Relapsing and remitting MS strikes in cycles that can be days, weeks or months apart and, although the patient can make a good recovery, each relapse can take its toll on the myelin sheath. At this stage, MS is an inflammatory condition. Over time, the majority of these patients will reach the progressive phase, which is known as secondary progressive MS, which is dominated by accumulating and irreversible disability.
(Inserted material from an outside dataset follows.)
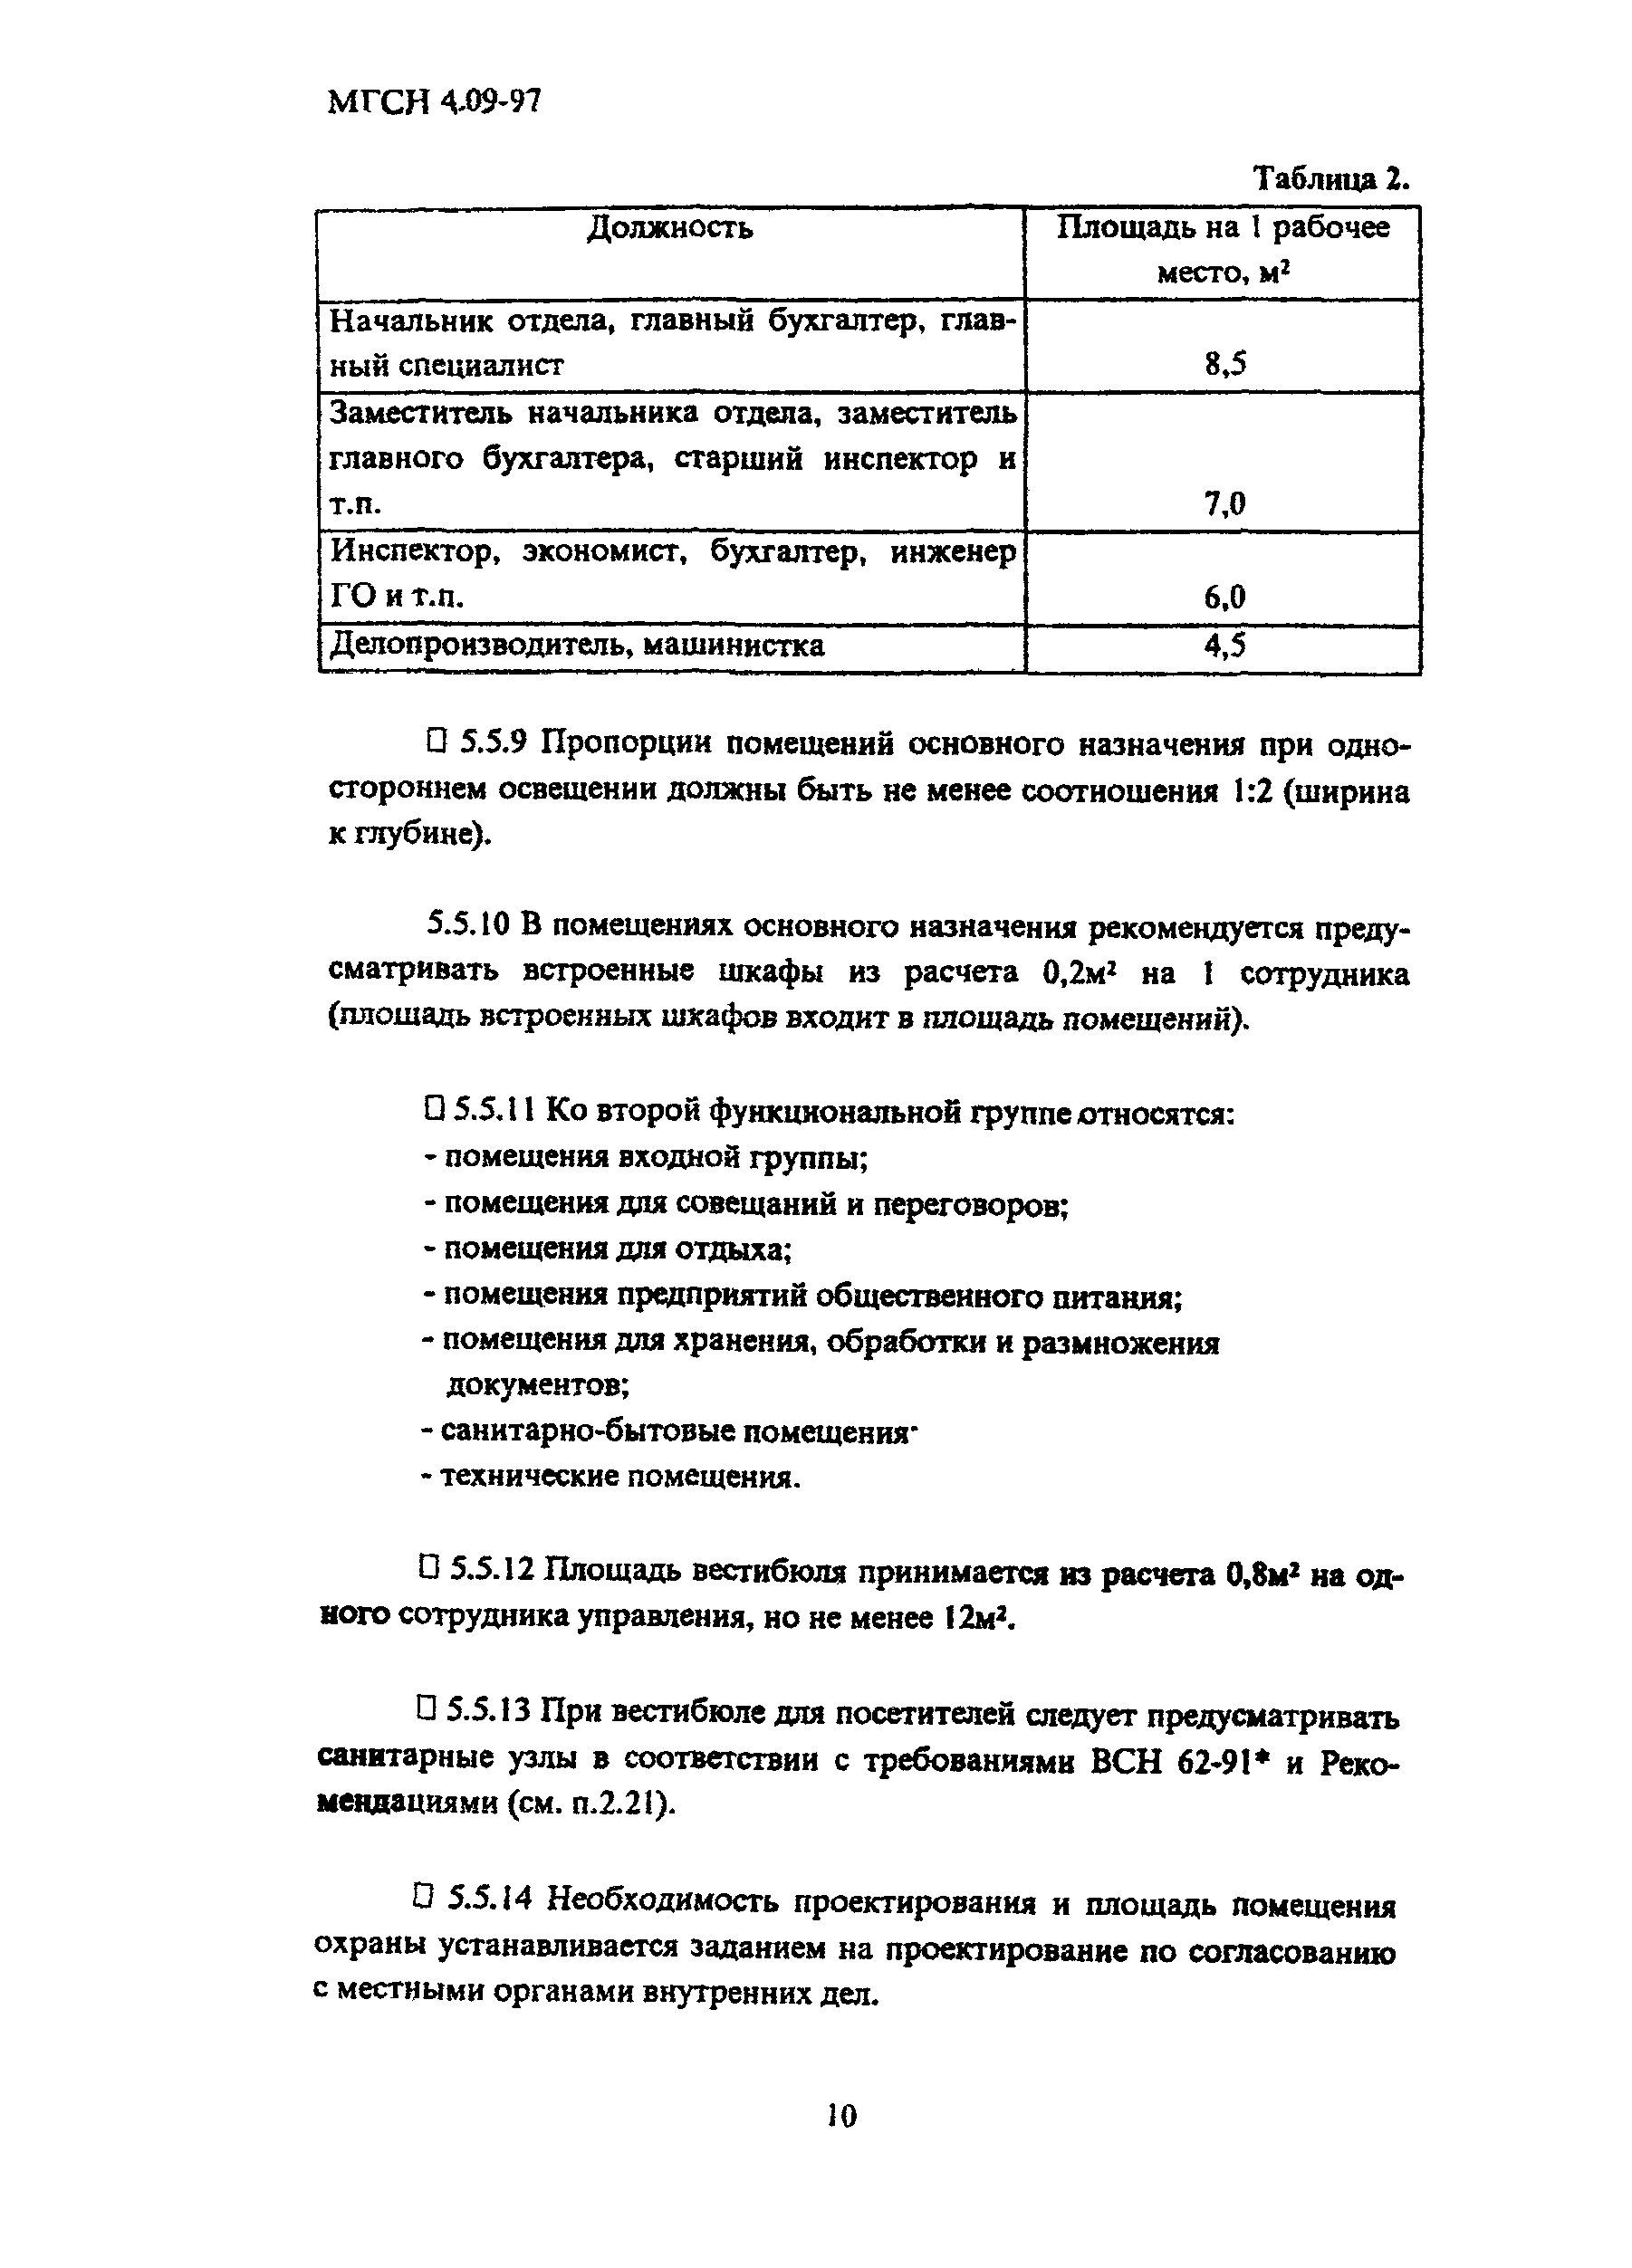 ТСН 31-311-98

Some 15 per cent of people have progressive disease from the outset.
Although not fatal, it can weaken the immune system and people can die from complications related to MS. Symptoms include mental and physical fatigue, visual problems, difficulties with speech and swallowing, cognitive impairment, balance and co-ordination issues, along with muscle stiffness and pain. No two cases are the same and symptoms can vary in duration and intensity making life unpredictable.
Scientists cannot say with certainty why someone gets MS, but viruses in childhood or adolescence, a lack of vitamin D and smoking have been identified as potential triggers, and the root cause is likely to be a combination of genetic and environmental factors. It is not hereditary, but there is a heightening of risk among family members.
“We do not know for sure what causes MS, but it is a dog that keeps biting in different places at different times,” says Dr Eli Silber, a consultant neurologist and MS specialist at King’s College Hospital, London.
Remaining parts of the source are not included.